Doing a couple of pork tenderloins with the cherry bourbon compote for the main course, and fresh potato salad, asparagus with smoked shredded asiago cheese, and cornbread. 

My in-laws will be over and they are from the bay area, so just to mess with them I am supporting the chiefs. 

GO CHIEFS!!

John


----------



## gmc2003 (Jan 30, 2020)

sawhorseray said:


> I'm going to pick up four racks of really nice pork ribs in a couple of hours, special 4-day sale at 99¢lb. I had them in my basket yesterday but wasn't willing to spend a extra buck a pound for one day. I'll fire up the SQ36 early Sunday morning and smoke a rack of ribs over straight hickory splits, supposed to be about 75º here that afternoon, maybe a yam and some zukes. GO NINERS! RAY



That's a great price Ray, and I have to seriously consider ribs also at that price. I'm not a chiefs fan but like watching Mahomes play. Besides the Giants haven't given me to much to root for these past few years.  



Cabo said:


> Wings, ABTs, Cowboy caviar with chips, and whatever else looks good at the store today.

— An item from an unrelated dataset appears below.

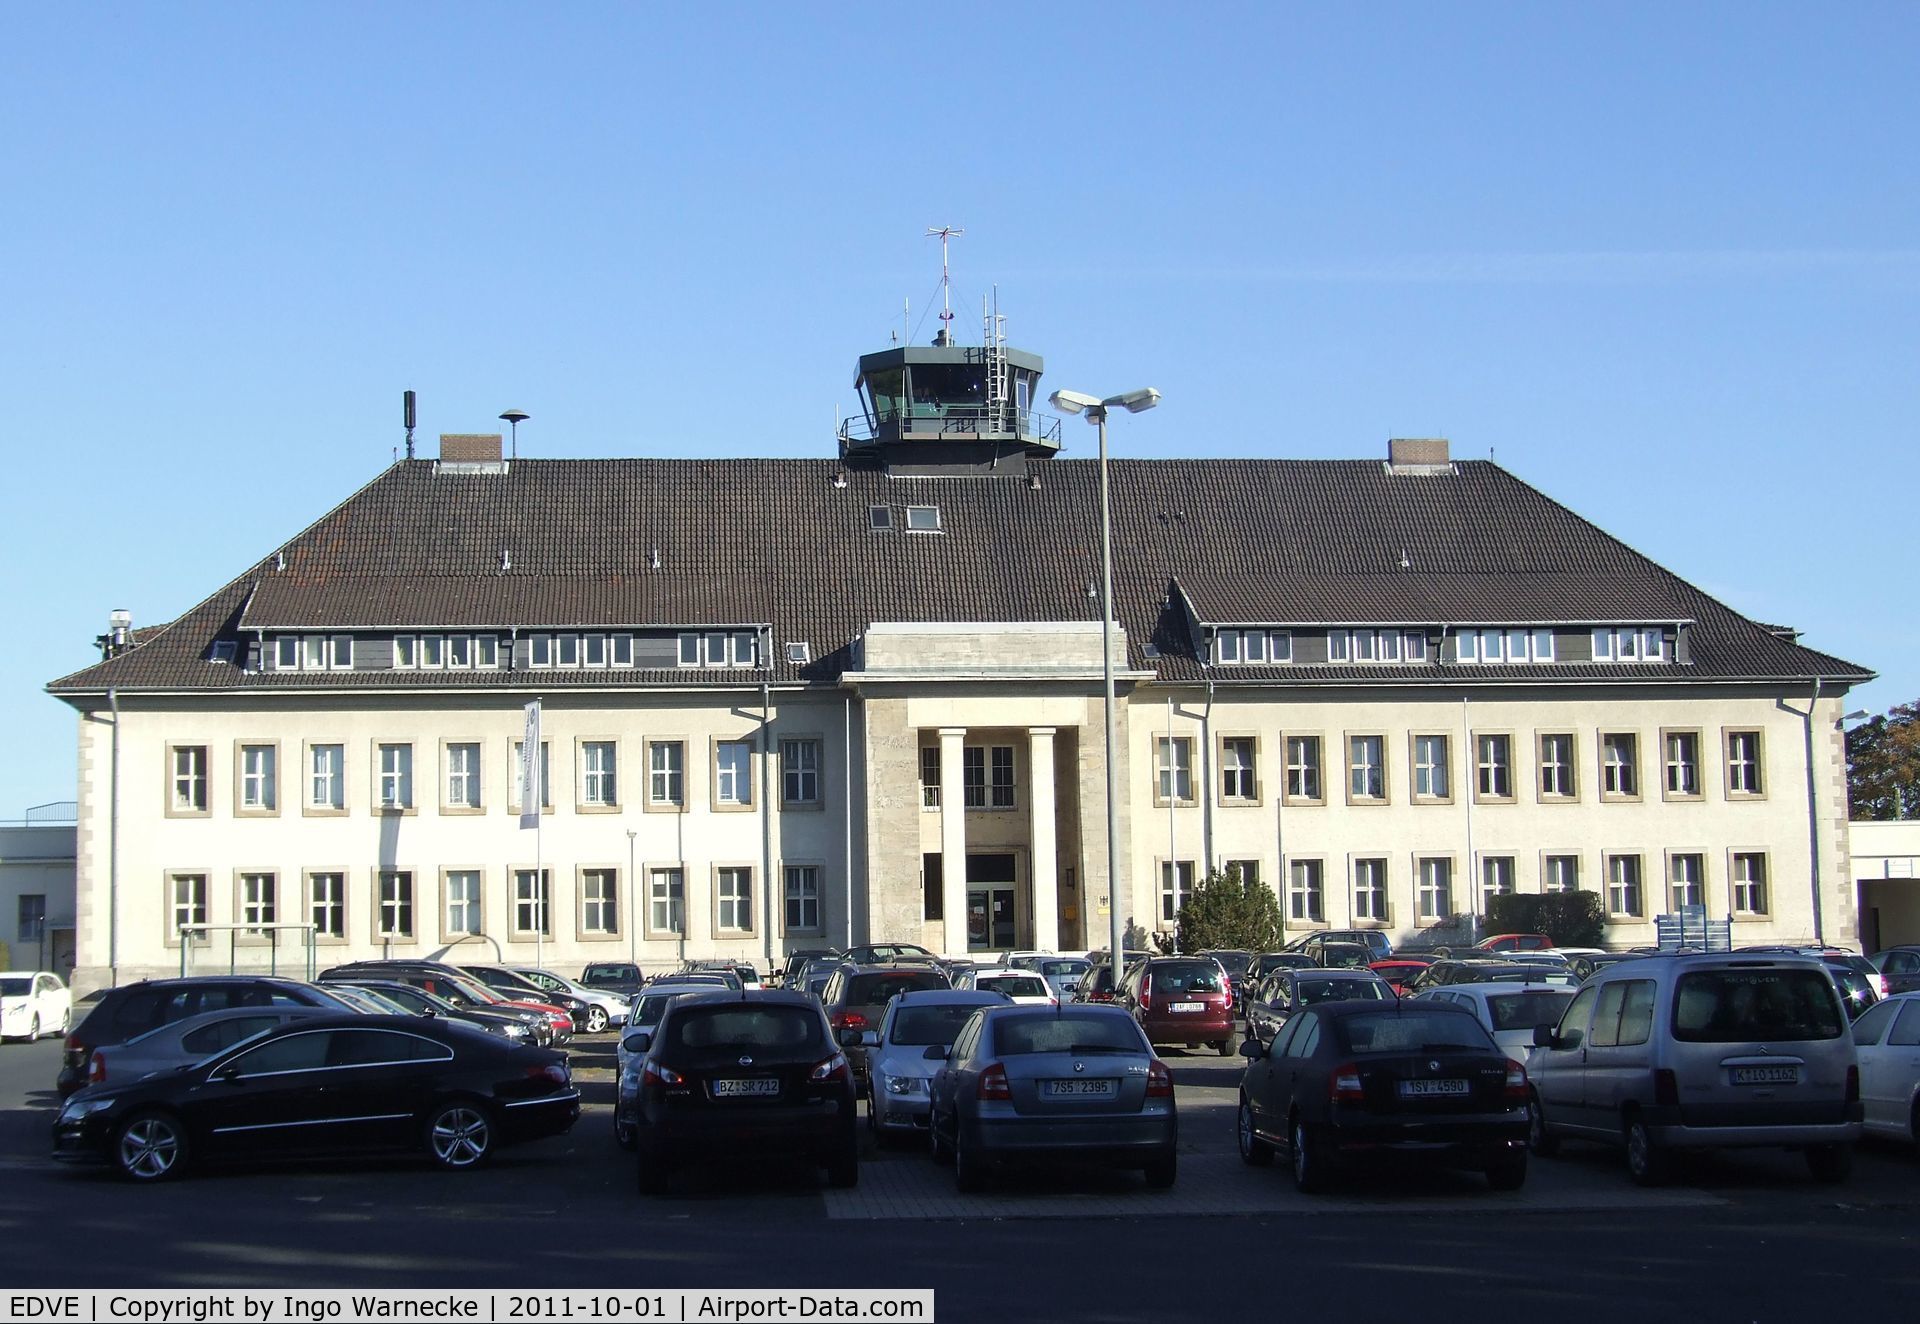 Braunschweig-Wolfsburg Regional Airport, Braunschweig, Lower Saxony Germany (EDVE) - the main terminal building (inaugurated May 1939) at Braunschweig-Waggum airport

I like wings and ABTs Cabo, and I've heard of Cowboy caviar. I'm just not sure of what it is. I'll have to look that one up.

Chris


----------



## sawhorseray (Jan 30, 2020)

gmc2003 said:


> That's a great price Ray, and I have to seriously consider ribs also at that price. I'm not a chiefs fan but like watching Mahomes play. Besides the Giants haven't given me to much to root for these past few years.
> 
> Mahomes scares me, they are going to be tough to beat, might just be too fast for us. I saw the ribs yesterday, nice racks about 5lbs plus. They were marked down to $1.99lb from $5.99lb, this is the kind of deal I love to score on! RAY


----------



## gmc2003 (Jan 30, 2020)

xray said:


> I’m planning on making a reuben/pastrami stromboli. I make this for the wife and I every SB Sunday using store bought corned beef, but this year I had a leftover London Broil so it went into Pops Brine with some pickling spices 10 days ago. Will do a pastrami rub, smoke and then finish Sous Vide and then stuffed in a stromboli with sauerkraut, swiss and thousand Island dressing.
> 
> Also planning to smoke 10lbs of cajun sausage too.
> 
> Hail to the...I mean Go Chiefs!



Now that sounds like a meal I could sink my teeth into. Does the london broil taste much different then brisket? Ten pounds!!! If I made 10 pounds I think I'd be eating 10 pound right directly, and none of it would make it into the freezer. 




Smokin' in AZ said:


> Doing a couple of pork tenderloins with the cherry bourbon compote for the main course, and fresh potato salad, asparagus with smoked shredded asiago cheese, and cornbread.
> 
> My in-laws will be over and they are from the bay area, so just to mess with them I am supporting the chiefs.
> 
> ...



Pork tenderloins fit the bill for any occasion. Great choice, and it's always good to mess with the in-laws head. It keeps them on their toes and wondering.

Chris


----------



## Smokin' in AZ (Jan 30, 2020)

Ray, I am going to score some ribs also, gotta make sure i go to a store far away from you to make sure there are some left in the store....


----------



## SmokinVOLfan (Jan 30, 2020)

Will the PBR's be flowing?

Great thread Chris. I have been checking the ad's that came out yesterday and trying to decide what I want to do. Was thinking wings but keep the ideas coming!


----------



## sawhorseray (Jan 30, 2020)

Smokin' in AZ said:


> Ray, I am going to score some ribs also, gotta make sure i go to a store far away from you to make sure there are some left in the store....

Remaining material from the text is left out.